**Description of the task:**
In the listing that follows, find the line with "BELGIQUE - Souvenir", then copy exactly from it through the line with "Lindby Flexola LED-Leselampe, gold, rund, Eisen, Stecker", leaving out every picture.

**Input material:**
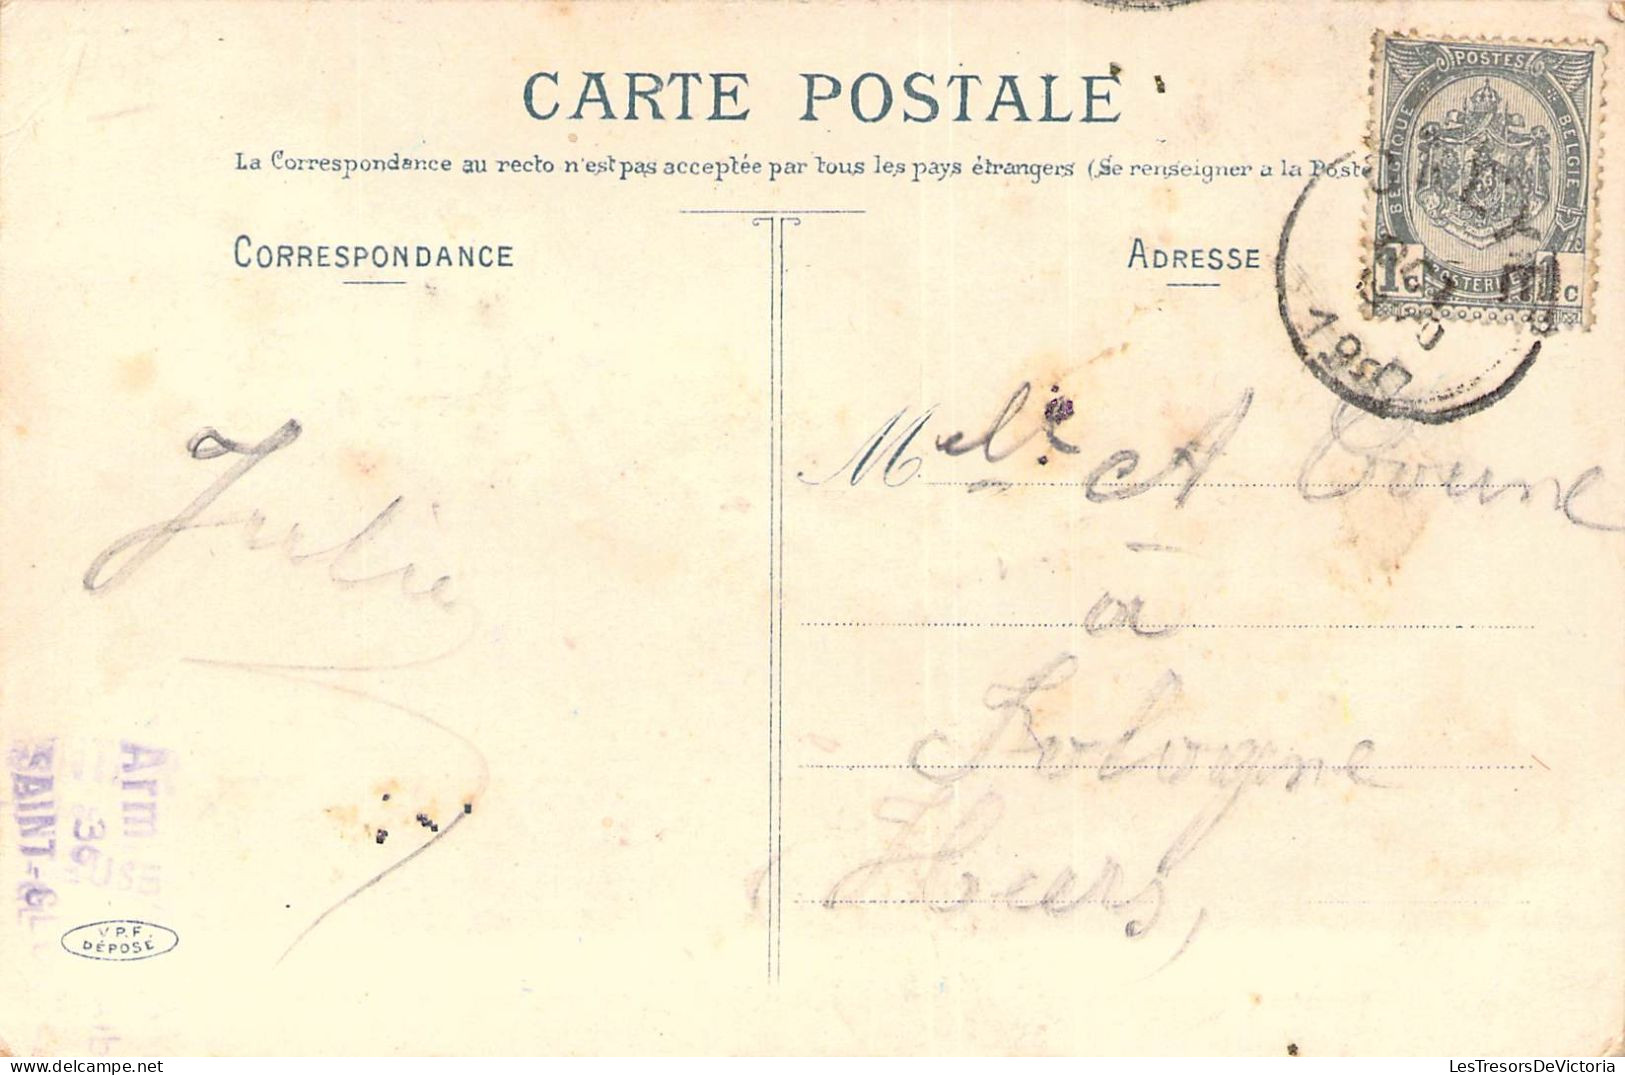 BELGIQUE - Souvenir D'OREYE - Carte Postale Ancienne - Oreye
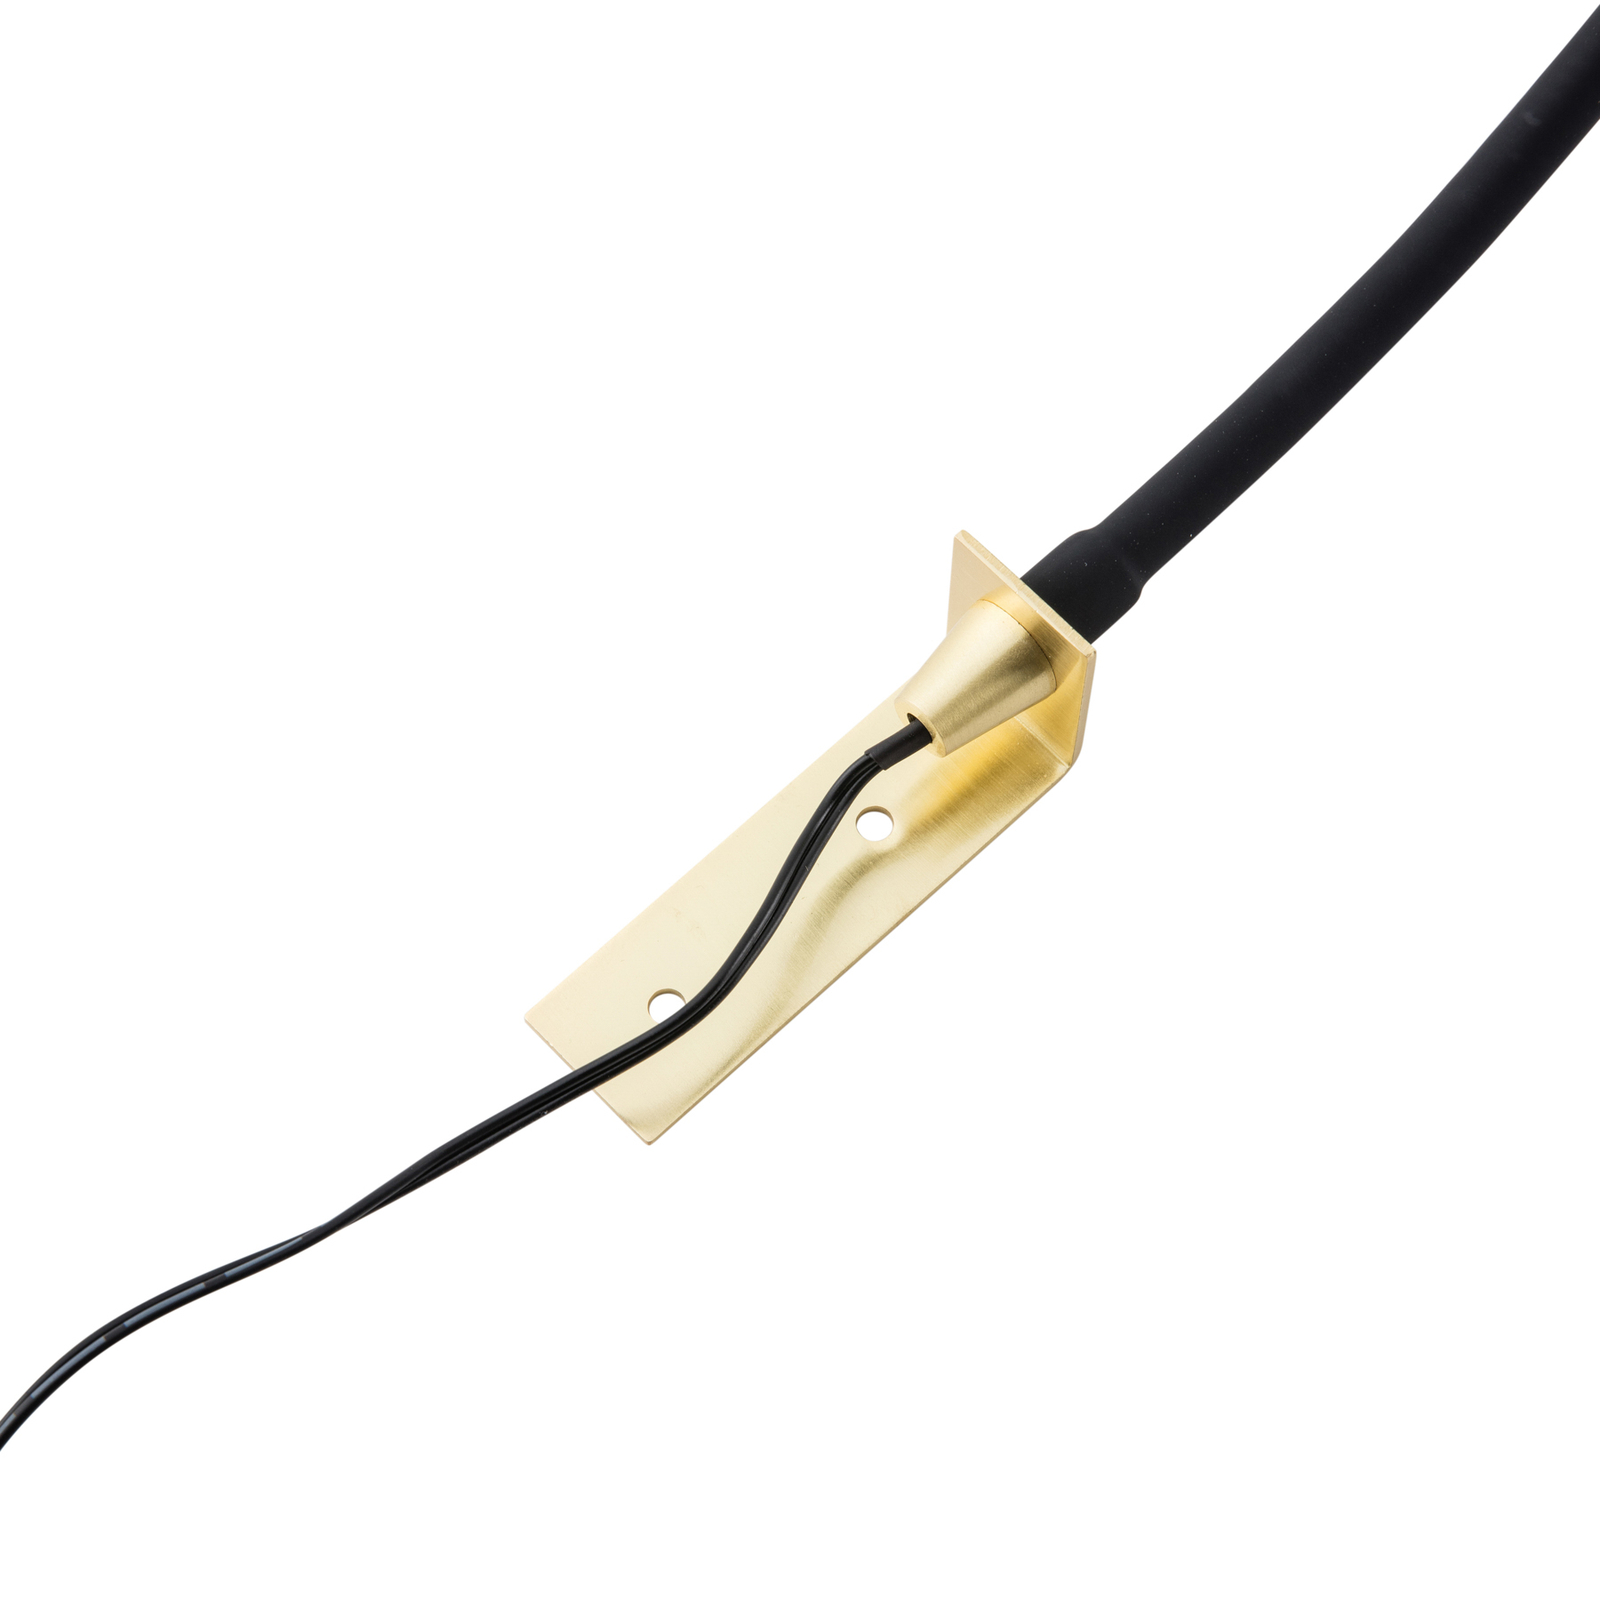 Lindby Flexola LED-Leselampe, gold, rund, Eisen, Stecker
...
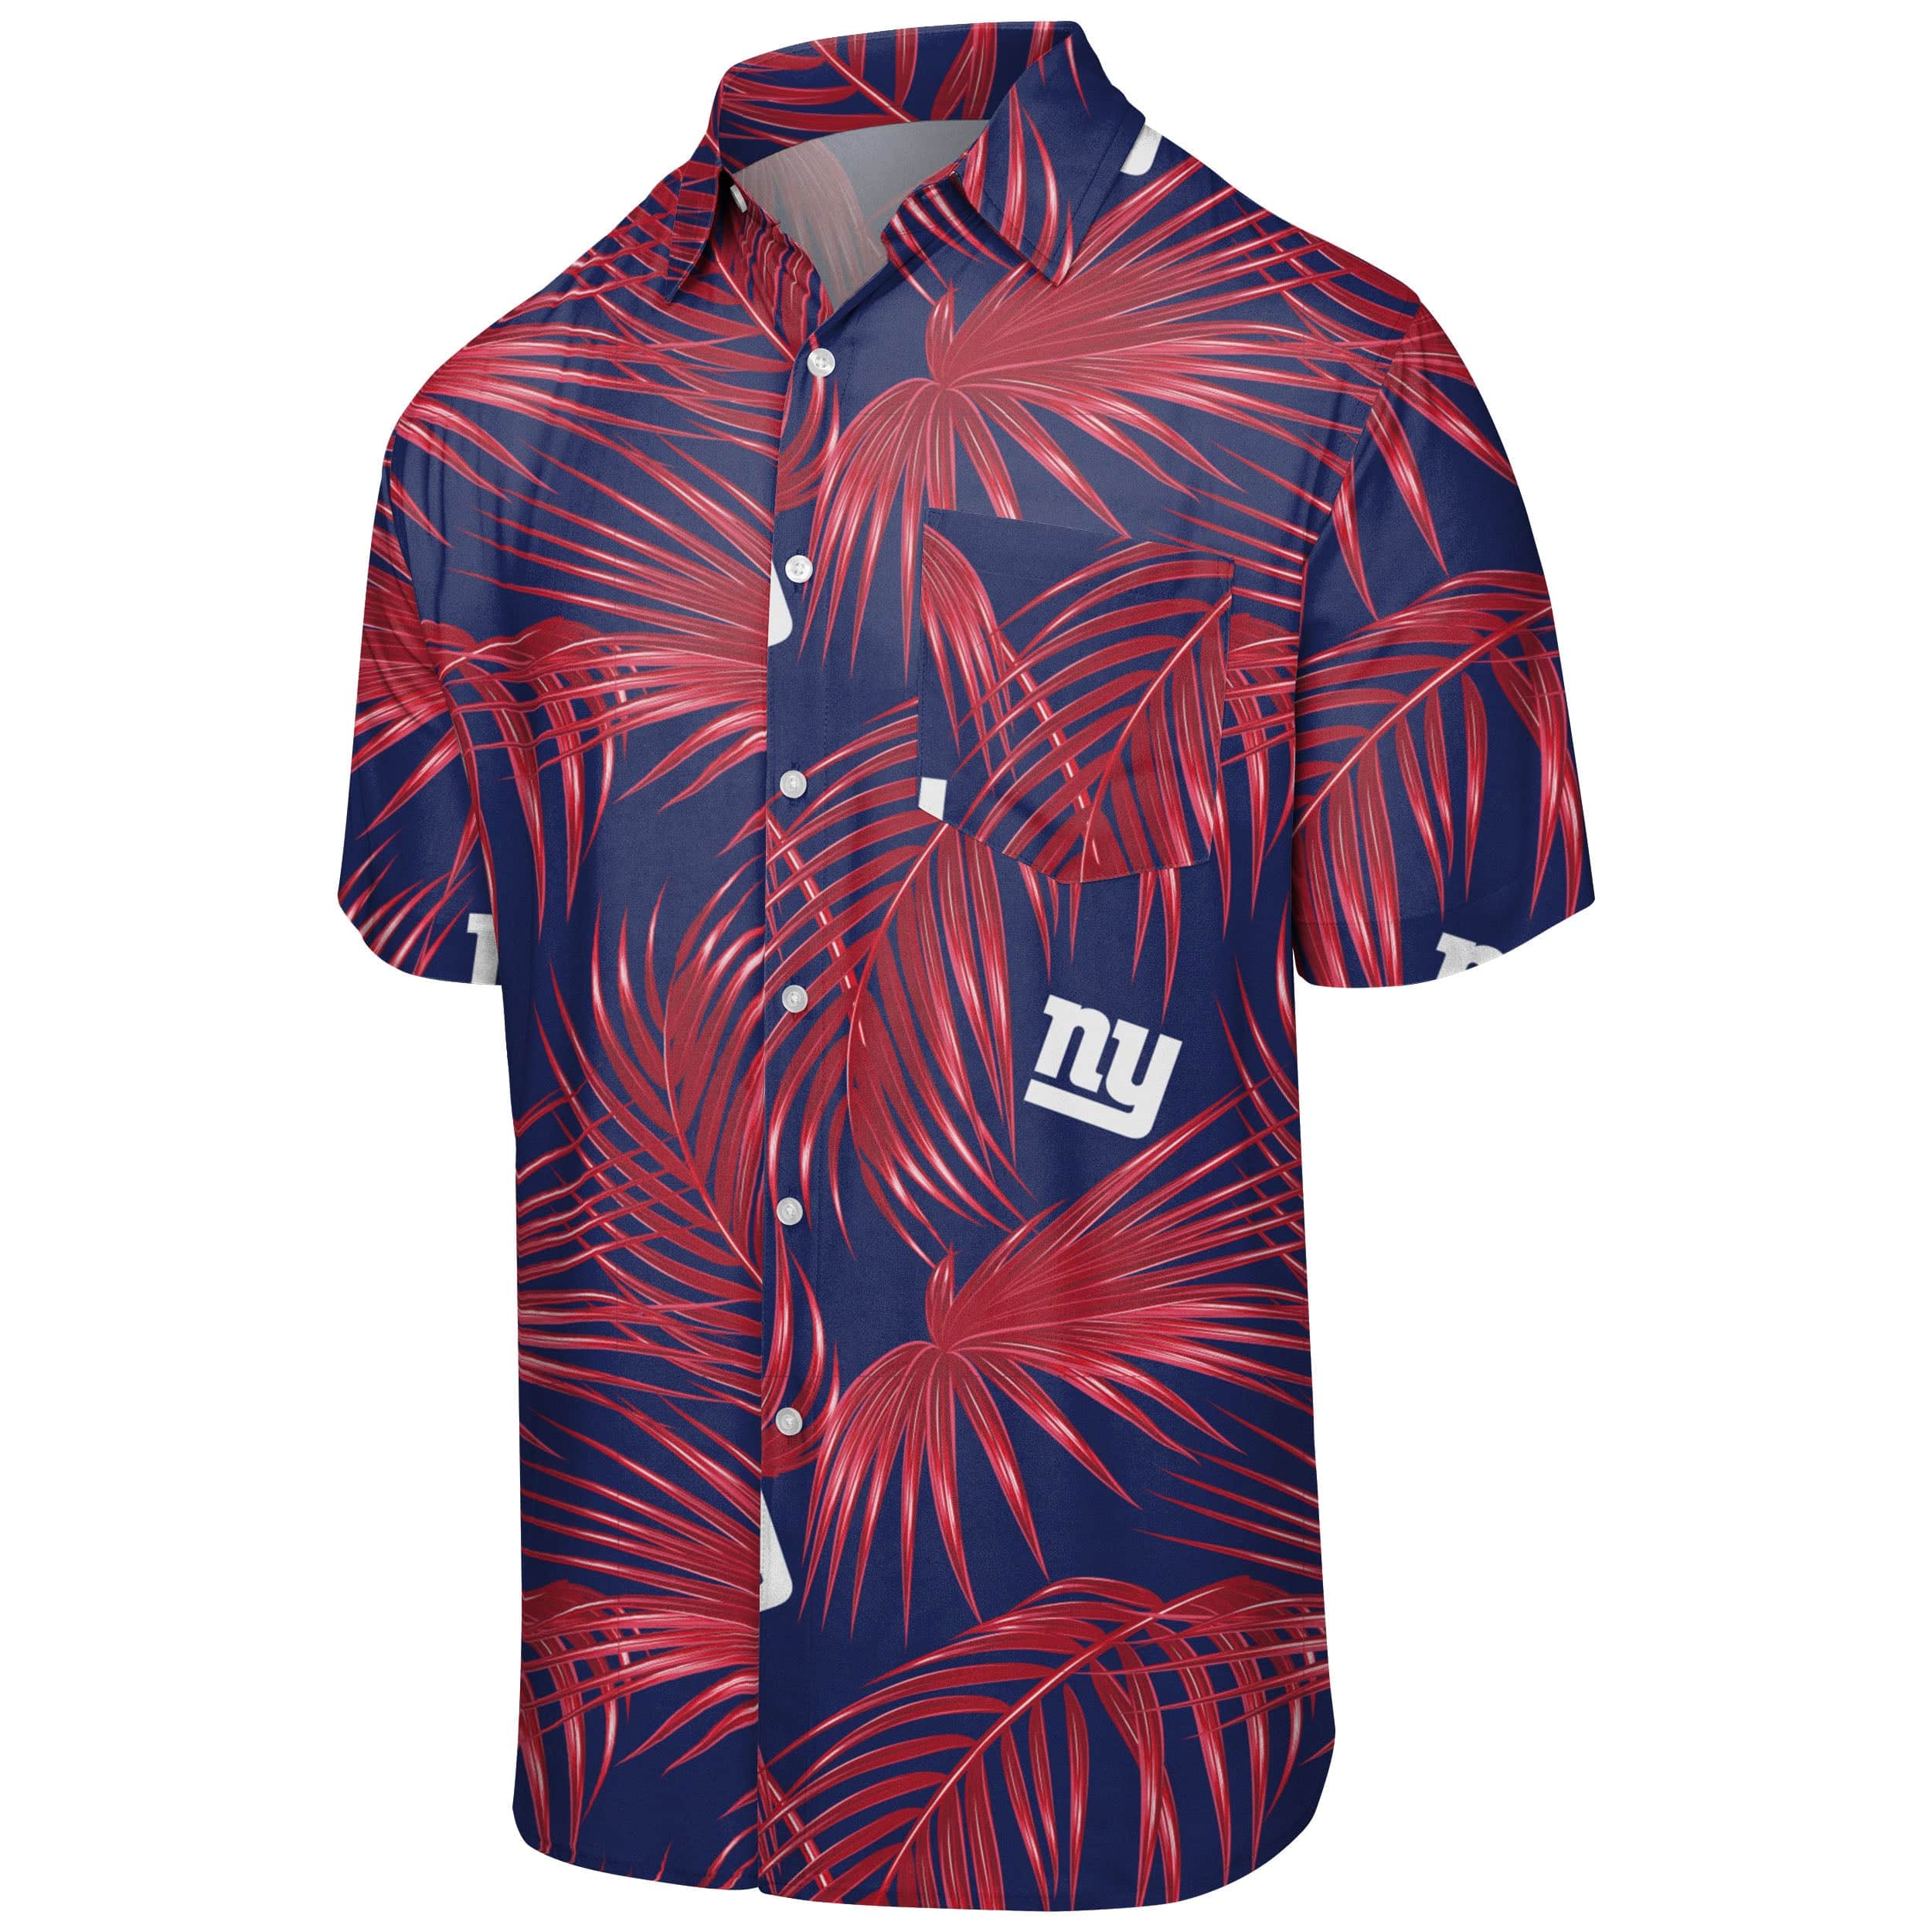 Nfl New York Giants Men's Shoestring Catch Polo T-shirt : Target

**Problem solution:**
 BELGIQUE - Souvenir D'OREYE - Carte Postale Ancienne - Oreye
 Lindby Flexola LED-Leselampe, gold, rund, Eisen, Stecker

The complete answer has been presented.